§ TRY IT: Filter the entries down to the lines containing "Shirt", and copy those lines.

§ DATA RECORDS:
.....

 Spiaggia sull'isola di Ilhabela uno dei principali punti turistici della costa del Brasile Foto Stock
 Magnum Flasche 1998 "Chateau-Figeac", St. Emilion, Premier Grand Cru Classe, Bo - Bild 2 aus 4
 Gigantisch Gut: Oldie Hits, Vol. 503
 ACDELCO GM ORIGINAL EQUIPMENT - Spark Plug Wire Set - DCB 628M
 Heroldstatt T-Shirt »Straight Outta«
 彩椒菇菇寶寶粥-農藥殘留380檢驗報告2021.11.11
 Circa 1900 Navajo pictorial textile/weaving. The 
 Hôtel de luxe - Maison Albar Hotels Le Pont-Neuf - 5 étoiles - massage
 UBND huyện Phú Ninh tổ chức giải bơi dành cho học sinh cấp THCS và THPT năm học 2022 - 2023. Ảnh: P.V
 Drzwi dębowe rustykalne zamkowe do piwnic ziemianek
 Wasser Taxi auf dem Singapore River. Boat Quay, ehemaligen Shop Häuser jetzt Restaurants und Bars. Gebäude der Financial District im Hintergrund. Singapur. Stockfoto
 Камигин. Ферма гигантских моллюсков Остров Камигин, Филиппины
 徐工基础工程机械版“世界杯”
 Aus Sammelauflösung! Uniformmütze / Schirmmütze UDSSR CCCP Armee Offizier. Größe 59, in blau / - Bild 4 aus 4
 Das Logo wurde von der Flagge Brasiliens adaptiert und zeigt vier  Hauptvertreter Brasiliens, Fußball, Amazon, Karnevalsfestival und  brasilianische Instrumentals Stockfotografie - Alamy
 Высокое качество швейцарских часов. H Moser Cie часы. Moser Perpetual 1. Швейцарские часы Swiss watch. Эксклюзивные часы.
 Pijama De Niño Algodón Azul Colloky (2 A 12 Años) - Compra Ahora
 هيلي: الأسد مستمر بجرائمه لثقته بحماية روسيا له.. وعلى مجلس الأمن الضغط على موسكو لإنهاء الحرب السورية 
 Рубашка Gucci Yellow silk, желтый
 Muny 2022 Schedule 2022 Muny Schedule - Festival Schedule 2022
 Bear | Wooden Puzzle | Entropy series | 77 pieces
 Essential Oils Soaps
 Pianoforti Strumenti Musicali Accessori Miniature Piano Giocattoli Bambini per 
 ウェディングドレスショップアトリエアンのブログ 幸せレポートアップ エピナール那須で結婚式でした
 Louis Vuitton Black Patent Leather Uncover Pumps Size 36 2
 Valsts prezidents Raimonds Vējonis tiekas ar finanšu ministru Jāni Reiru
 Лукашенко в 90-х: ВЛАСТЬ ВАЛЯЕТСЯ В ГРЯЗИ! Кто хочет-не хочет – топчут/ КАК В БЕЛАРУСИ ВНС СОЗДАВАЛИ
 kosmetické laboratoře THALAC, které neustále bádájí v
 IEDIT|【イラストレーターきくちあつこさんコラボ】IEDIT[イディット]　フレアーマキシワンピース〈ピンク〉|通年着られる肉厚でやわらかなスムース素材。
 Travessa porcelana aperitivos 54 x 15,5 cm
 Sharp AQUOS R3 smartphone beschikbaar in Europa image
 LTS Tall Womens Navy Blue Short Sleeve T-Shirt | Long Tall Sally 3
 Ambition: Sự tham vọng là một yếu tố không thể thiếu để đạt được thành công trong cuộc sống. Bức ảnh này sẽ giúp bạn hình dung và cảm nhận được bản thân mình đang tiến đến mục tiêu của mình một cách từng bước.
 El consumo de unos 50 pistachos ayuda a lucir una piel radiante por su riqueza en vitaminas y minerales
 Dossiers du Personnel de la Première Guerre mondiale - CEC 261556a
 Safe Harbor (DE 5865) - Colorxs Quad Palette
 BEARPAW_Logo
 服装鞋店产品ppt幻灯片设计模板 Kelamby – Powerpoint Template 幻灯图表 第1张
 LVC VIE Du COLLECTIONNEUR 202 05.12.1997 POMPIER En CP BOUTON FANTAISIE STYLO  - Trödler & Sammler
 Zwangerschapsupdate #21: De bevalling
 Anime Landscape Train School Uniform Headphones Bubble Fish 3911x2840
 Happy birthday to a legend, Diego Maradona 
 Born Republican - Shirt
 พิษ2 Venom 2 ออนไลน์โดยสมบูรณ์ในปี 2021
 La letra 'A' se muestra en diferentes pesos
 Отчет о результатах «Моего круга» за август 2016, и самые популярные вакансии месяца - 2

.....

§ SOLUTION:
 Heroldstatt T-Shirt »Straight Outta«
 LTS Tall Womens Navy Blue Short Sleeve T-Shirt | Long Tall Sally 3
 Born Republican - Shirt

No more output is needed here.